Hubo de todo. Morente ha rastreado minuciosamente
los archivos, las listas de maestros depurados, y ha encontrado
expedientes que, después de 70 años, mueven
a la risa: "Hubo denuncias privadas, de vecinos, en las
que se acusaba al maestro de haber tocado el piano en un baile
público, por ejemplo". En un pueblo de Lugo, el
alcalde se deshizo del maestro, que no era precisamente de
izquierdas, porque en su lugar estaría mejor una señorita
católica, de familia decente, como Dios manda. El alcalde
adjuntaba en su informe esta posdata, que Jaume Claret, historiador
de la Universidad Pompeu Fabra, recuerda más o menos
así: "El hecho de que esta señorita sea
mi hija no es el motivo de la destitución del maestro".
Efectivamente, la purga buscaba también hacer huecos
en las escuelas donde colocar a familiares y allegados. Aunque
fueron tantos los que faltaron que muchos curas y algunos
militares, hasta 2.500 alféreces, se hicieron cargo
de la educación después de la guerra.
A pesar de las variopintas acusaciones que
la red caciquil se encargó de difundir, los maestros,
muchos de ellos católicos, fueron víctimas de
acusaciones y bulos de carácter religioso. Era sencillo.
La República puso las bases de lo que iba a ser la
escuela laica, de pensamiento libre, y mandó sacar
de las aulas los crucifijos que las presidían. Los
maestros, en su intachable comportamiento de funcionarios,
descolgaron las cruces. Ese fue el pecado que se convirtió
en delito.
Después llegó el silencio y el
miedo. El hijo de uno de aquellos maestros fusilados, Alberto
Barrado, de Malpartida de Plasencia (Cáceres), se acerca
ahora tímidamente a aquella historia que le silenciaron.
Muerto su padre, la madre afilió inmediatamente a los
hijos a la Falange. Por miedo. Por miedo, los profesores del
instituto de Boal (Asturias) nunca le dijeron a Hilda Farfante
por qué habían matado a su padre y a su madre,
los dos maestros. Y por miedo, su tía, también
maestra, que la recogió en casa, tapaba con una mano
la boca a su sobrina de 5 años mientras levantaba la
otra en el balcón ante el desfile de los nacionales.
Miedo.
Hilda Farfante, después maestra y directora
como fue su madre, no volvió jamás a Cangas
del Narcea (Asturias). Hasta el 18 de diciembre de 2001, cuando
se colocó una placa en el cementerio del pueblo que
se encarga ya para siempre de recordar a los fusilados.
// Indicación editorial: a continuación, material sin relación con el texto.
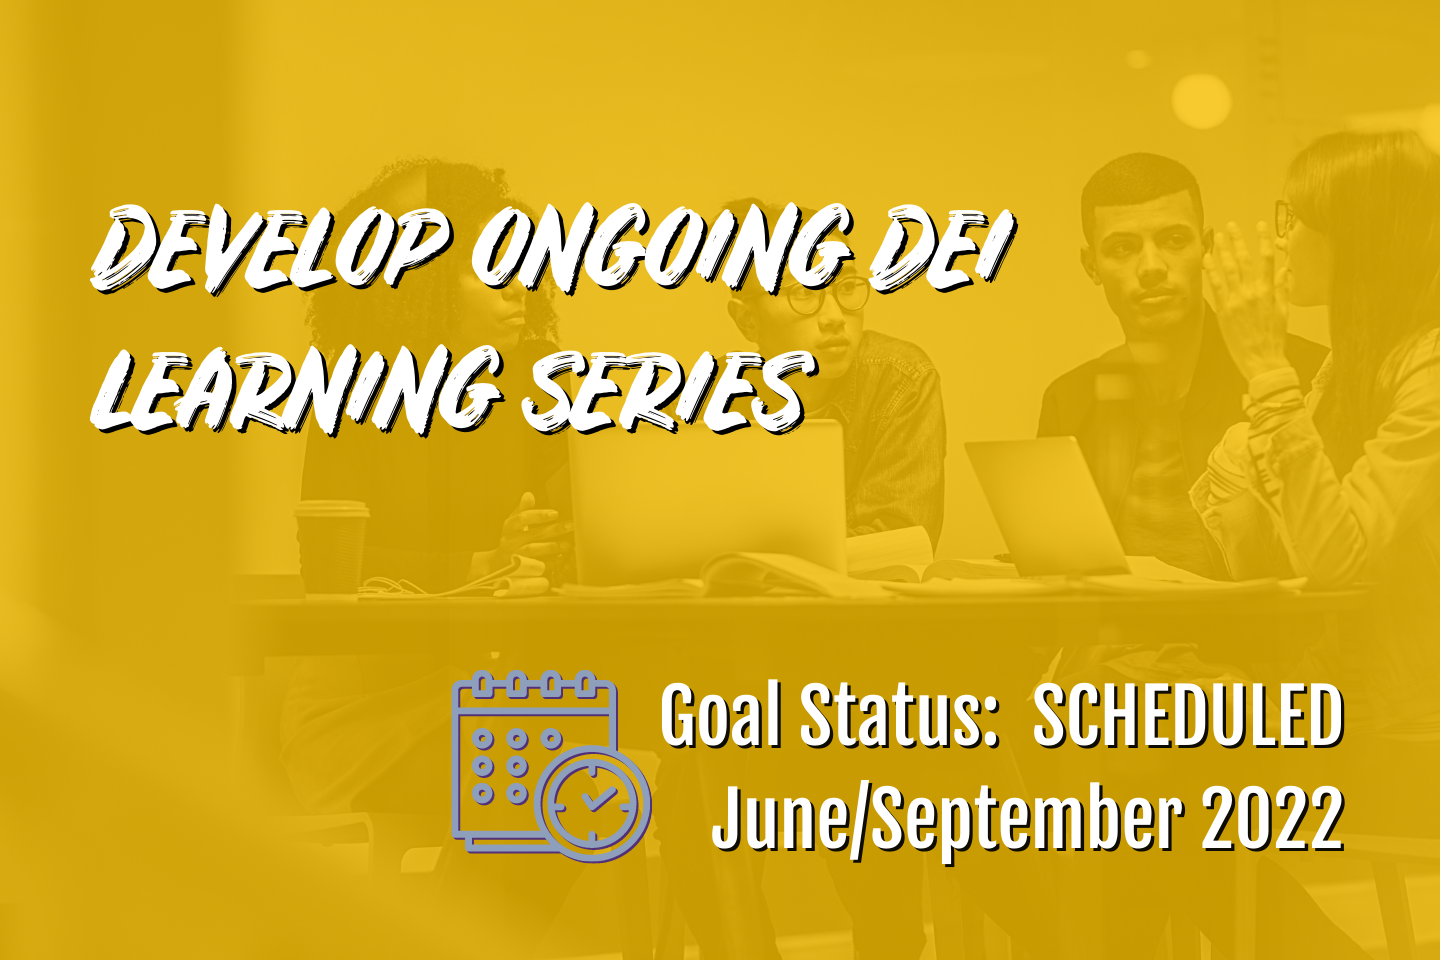 Develop ongoing DEI learning series

Acompañada
de su familia y de Vicente Álvarez Areces, presidente
de la región donde los maestros sufrieron la represalia
más feroz, Hilda gritó, literalmente, "por
ellos, por su injusta y terrible muerte, por su miedo, por
su dolor, por su juventud truncada. Y por nosotros, los que
nos quedamos sin ellos a merced de sus asesinos [...] Y por
las viudas que vivieron y murieron con la boca bien apretada
para que no se les escapara este mismo grito nuestro".
Hilda tiene ahora 71 años.
En 1977 el Gobierno de la UCD decretó
amnistía para los represaliados. Era tarde para los
maestros, ancianos muchos, muertos ya la mayoría. Sus
familiares, como ha hecho Antonio Sánchez-Marín,
se conforman ahora con seguir la pista de huesos perdidos
en las cunetas o en las fosas comunes de los cementerios.